# Boat-less now. Need to wade. Need to catch a redfish.



## richg99 (Aug 21, 2004)

Left my little tin boat at our summer place.

Need to catch a redfish. Almost any size will do, just want to feel the pull of a real fish.....after catching darn little in TN all summer.

Heading to the coast on Thursday. Looking for decent sand/shell bottom for my old (and getting older) legs.

Looks like SW winds 5 to 10. Should arrive around ten a.m. Thinking of GISP, or someplace close to Freeport. Or, what about Mosquito island? 
Any and all suggestions appreciated.

thanks, richg99


----------



## jesco (Jun 23, 2013)

I usually fish the SLP flats area, from Redfish Cove west to the pass itself. Mostly hard, sandy bottom, easy drive up wading in the area, but 4x4 suggested at the pass. Currents can get strong near the pass when the tides move. LOTS of stingrays. The subdivision nearest the pass on the bay side is a good place to park and wade in. Hope this helps a little.


----------



## richg99 (Aug 21, 2004)

Thanks, I don't have a 4:wheel drive. Can I park close enough and wade on? Rich


----------



## jesco (Jun 23, 2013)

richg99 said:


> Thanks, I don't have a 4:wheel drive. Can I park close enough and wade on? Rich


Ye sir. In the subdivision closest to the pass, you can park on paved road and walk less than 50 yards to the water. That's a good spot right there, but it gets quite a bit of pressure on the weekend. Caught my PB trout there, about this time of year, on a Catch 2000. Don't worry if the water is sandy, the tidal currents there stir up the sandy bottom all the time. If there is bait, the fish should be there, sandy water or not.


----------



## richg99 (Aug 21, 2004)

Thanks, I try to NEVER fish on weekends.
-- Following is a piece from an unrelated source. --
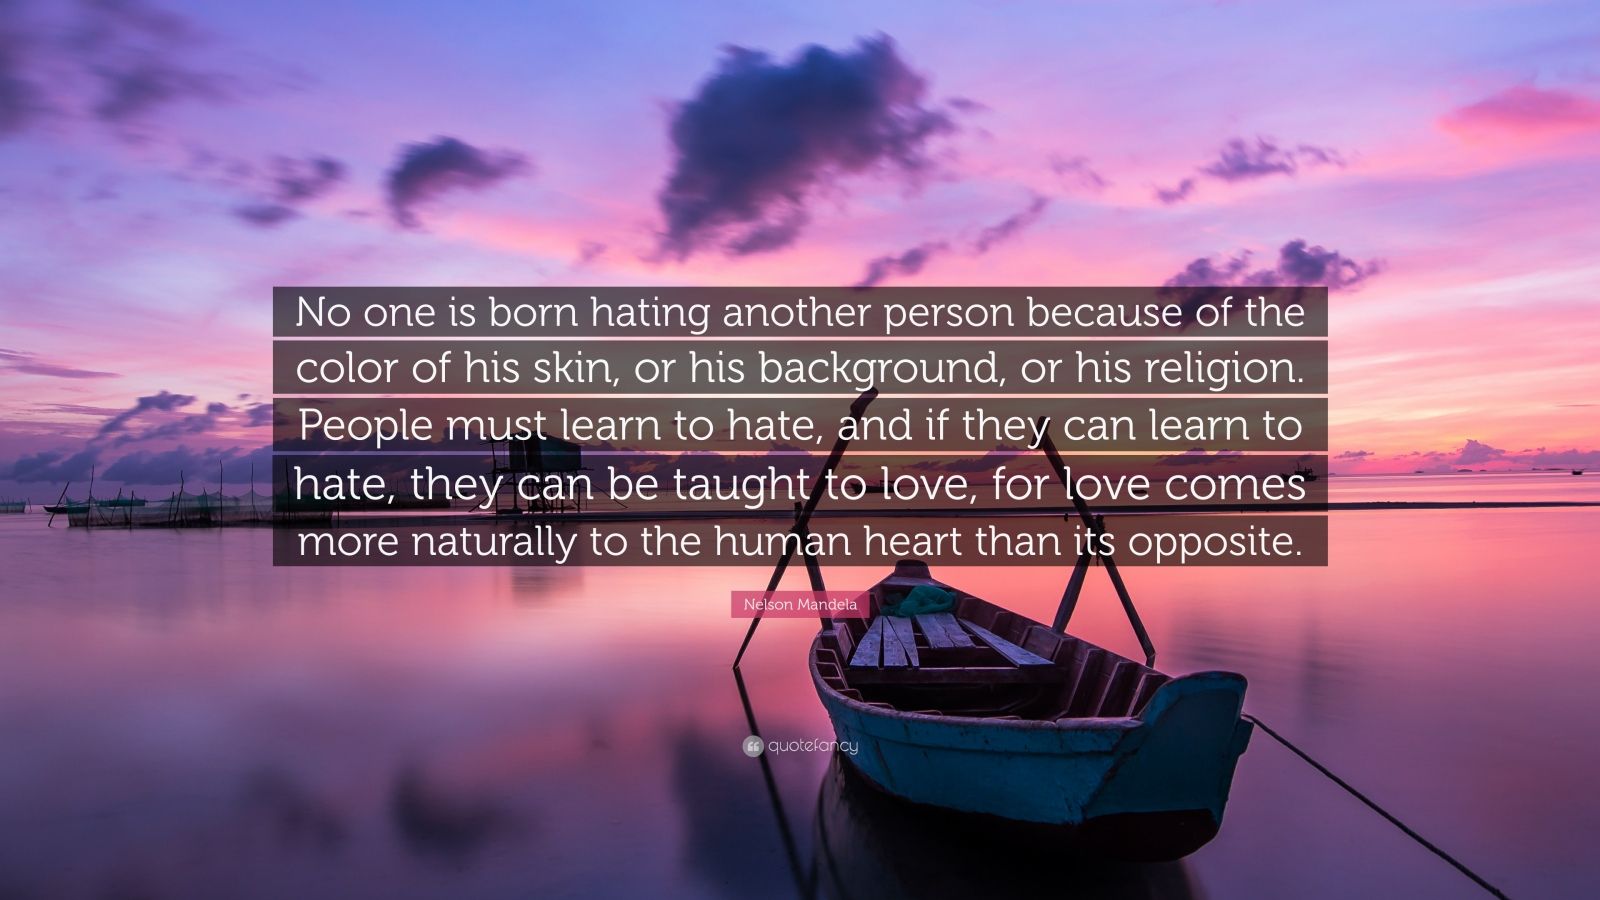 Nelson Mandela Quote: “No one is born hating another person because of

I'll give it a try one day soon. richg99


----------



## iamatt (Aug 28, 2012)

Throw some crab on a 12/0 hook and 4 ounce weight in the second gut on the surf at night and you will get plenty of action


----------



## richg99 (Aug 21, 2004)

No luck this morning. Tried second gut with as big gold spoon at 10:00 a.m.

Then I tried to find the subdivision road. No luck there. Never could get close to the water. I must have been going to the wrong place. Headed to GISP. Fished the opening into Lake Como for an hour or so
Nothing, as usual. richg99


----------